Media Payload Format:

The media payload JSON file referenced by the path contains an array of media file objects. Each object includes:

  • path: URL or an aws bucket key to the media file (either audio or video).
  • id: A unique identifier for the media file.
  • media_type: The type of the media, either "audio" or "video".
[
    {
        "path": "<URL_OF_MEDIA_FILE(could be a https url or a aws bucket key)>",
        "id": "<UUID(could be any id)",
        "media_type": "<MEDIA_TYPE(video/audio)>"
    }
]

Output:

The Clustering Worker processes the media files, generates embeddings, applies clustering, and performs dimension reduction. It then sends the results as a JSON report to a report queue.
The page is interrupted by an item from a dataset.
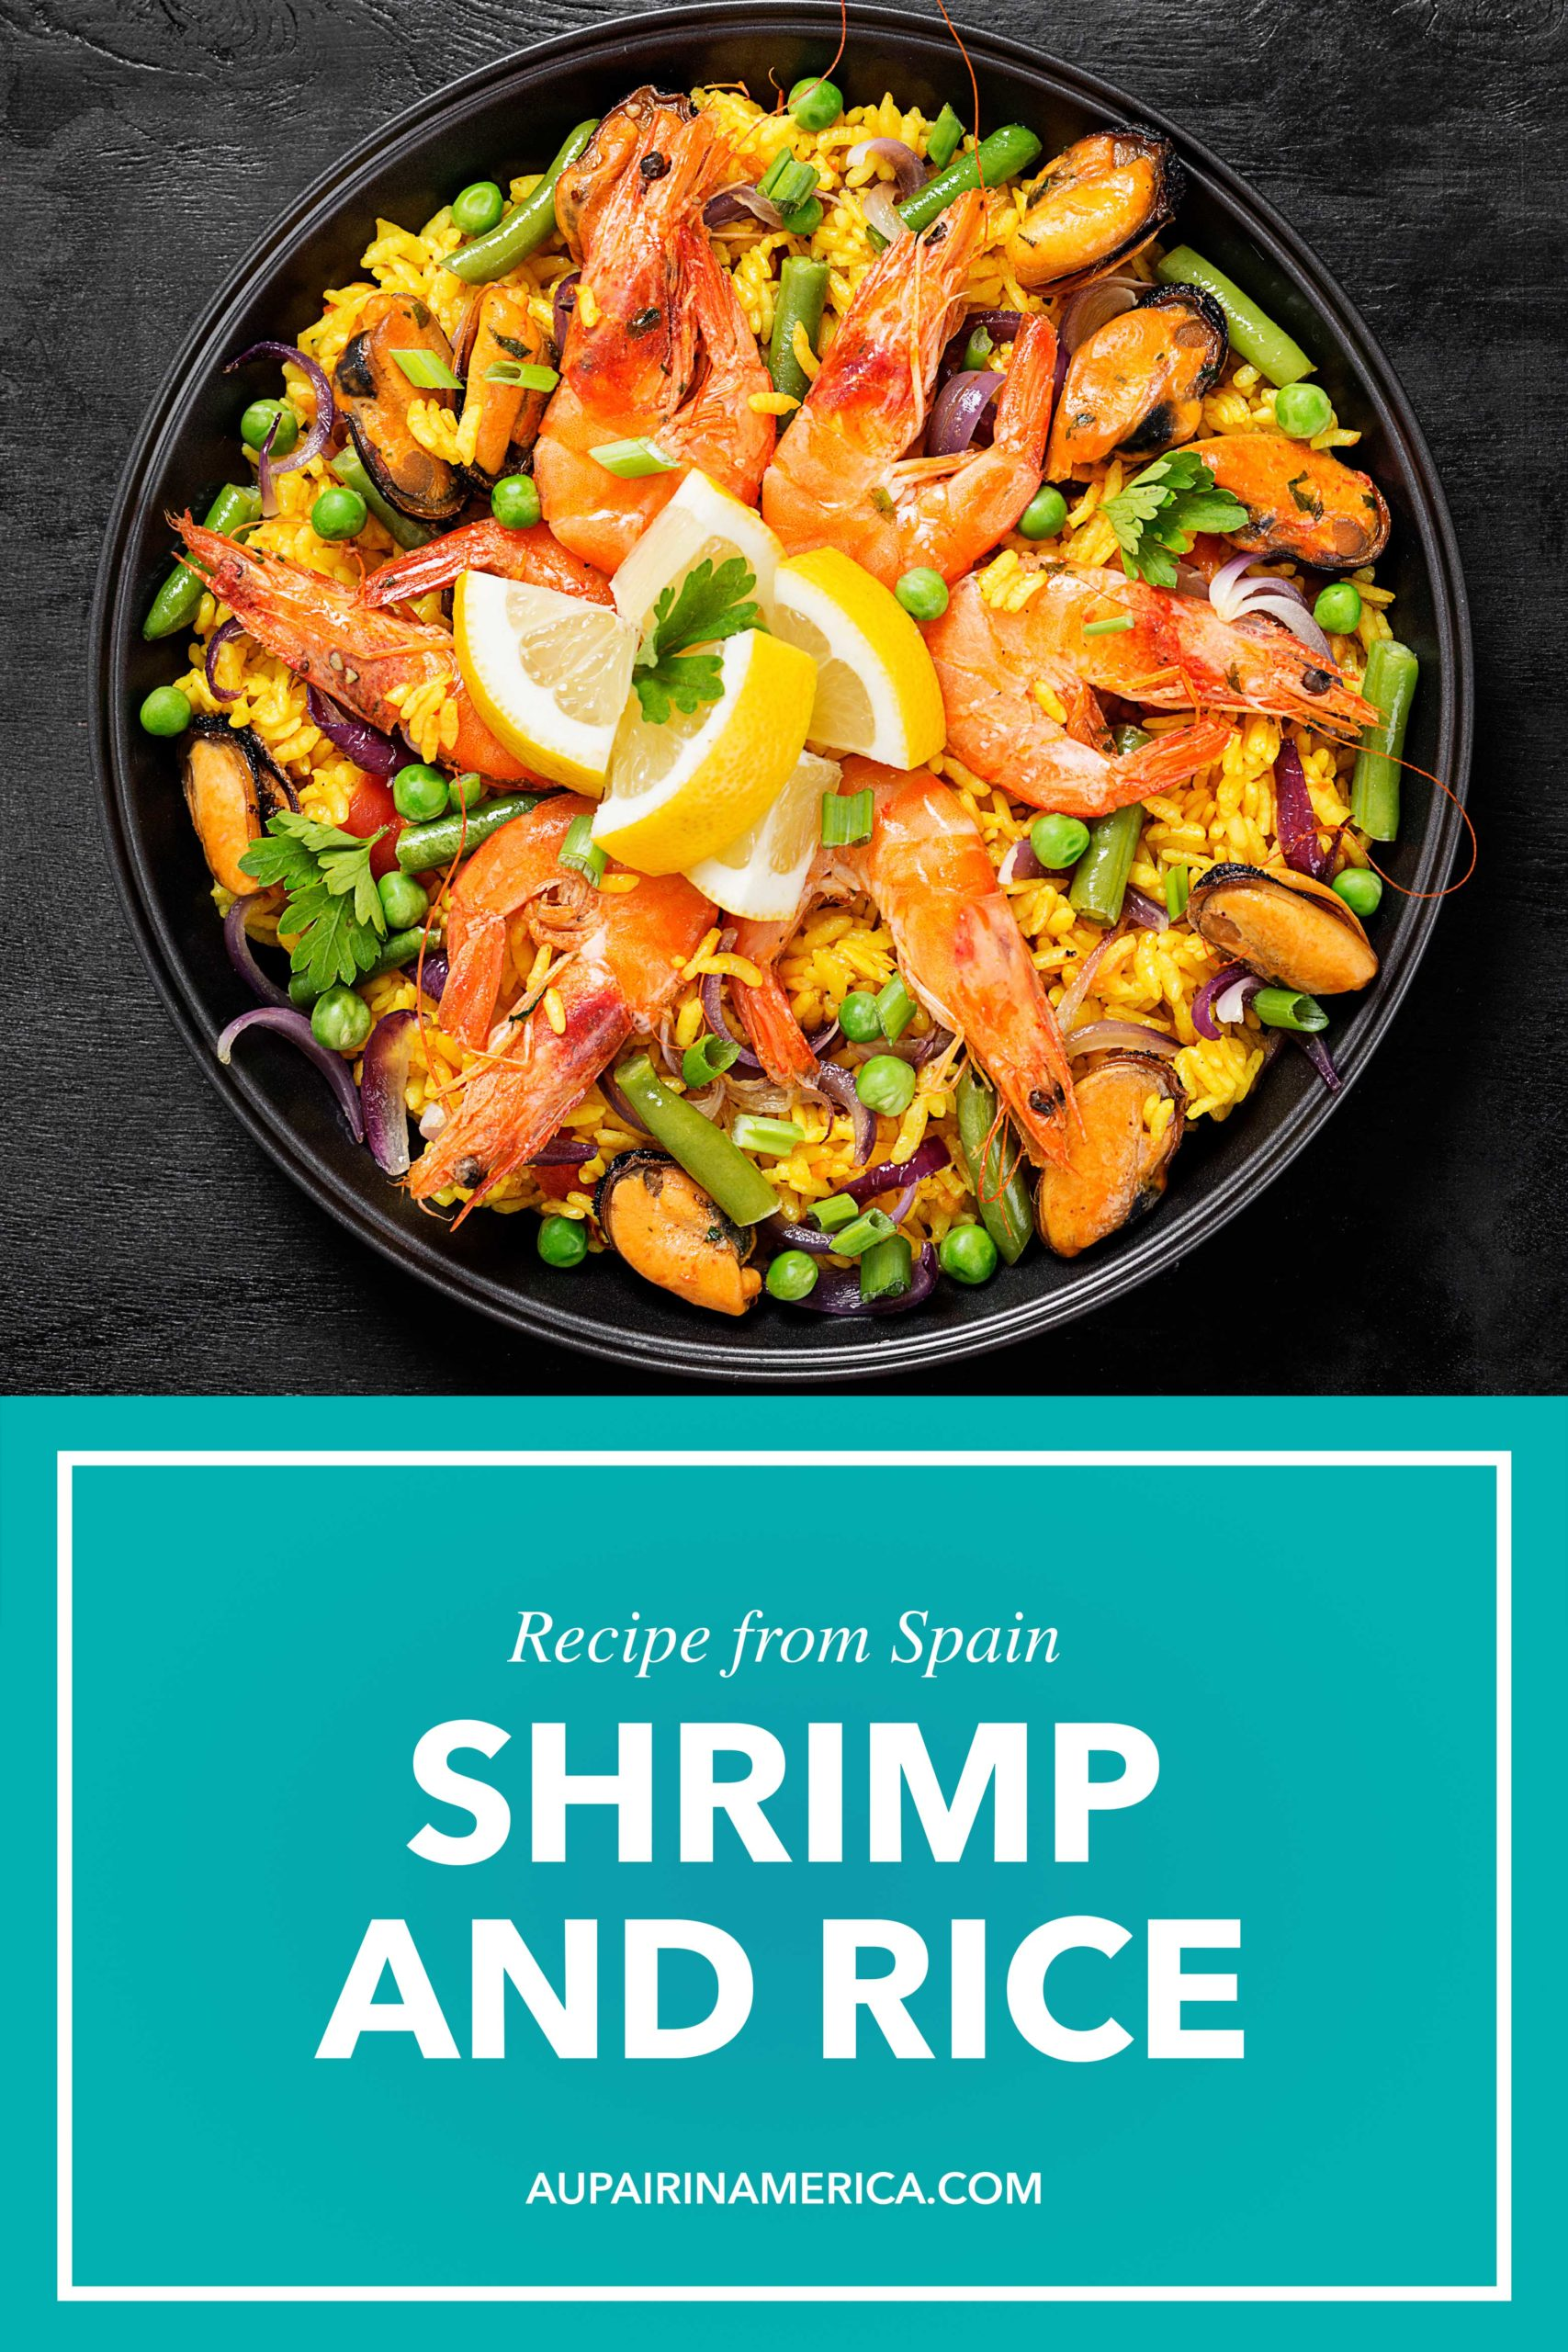 Spanish Shrimp and Rice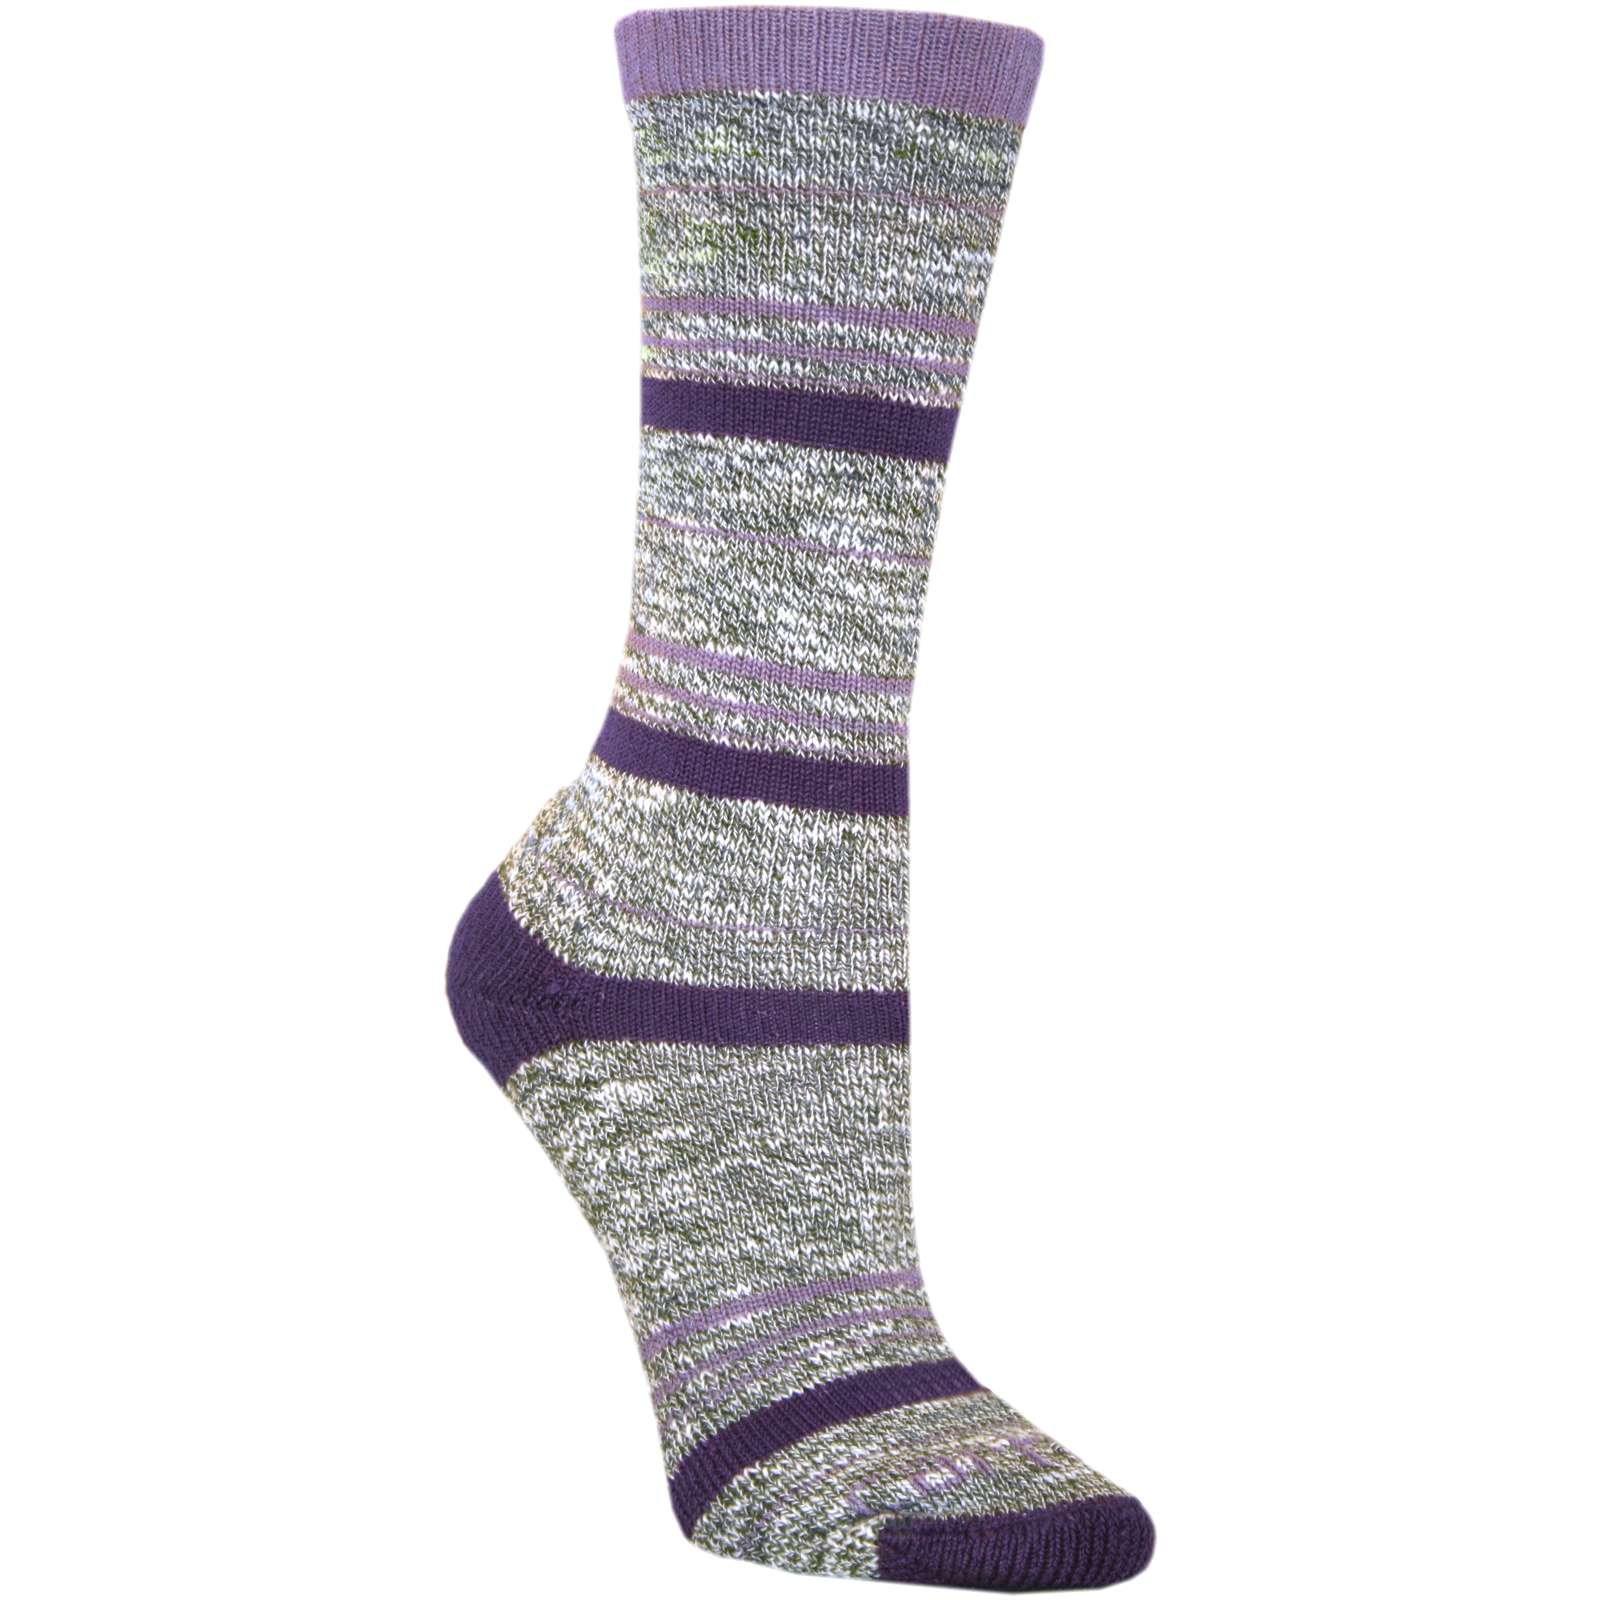 Carhartt Women's Merino Wool Slub Stripe

The report contains the following fields:

{
  "clustering_results": {
    "audio": {
      "cluster_0": ["<UUID1>", "<UUID2>", "..."],
      "cluster_1": ["<UUID3>", "<UUID4>", "..."]
    },
    "video": {
      "cluster_0": ["<UUID5>", "<UUID6>", "..."],
      "cluster_1": ["<UUID7>", "<UUID8>", "..."]
    }
  },
  "dim_reduction_results": {
    "audio": [
      {"payload": "<UUID1>", "reduced_embedding": ["x1", "y1"]},
      {"payload": "<UUID2>", "reduced_embedding": ["x2", "y2"]}
    ],
    "video": [
      {"payload": "<UUID5>", "reduced_embedding": ["x5", "y5"]},
      {"payload": "<UUID6>", "reduced_embedding": ["x6", "y6"]}
    ]
  },
  "status": "indexed",
  "status_code": 200
}

5. Queue Names

  1. The Index Queue should be called == clustering-media-index-queue.
  • This is the Queue in which the worker will receive the media files.
  1. The Report Queue should be called == clustering-media-report-queue.
  • This is the Queue in which the worker will send reports after processing the media item.

Note

The current dimension reduction operator uses the t-SNE algorithm and is initialized with perplexity: 5 due to the limited number of samples available for testing during local development. For production environments, where more data is typically available, it is recommended to adjust the perplexity to a higher value (e.g., 30) to better capture the global structure of the data.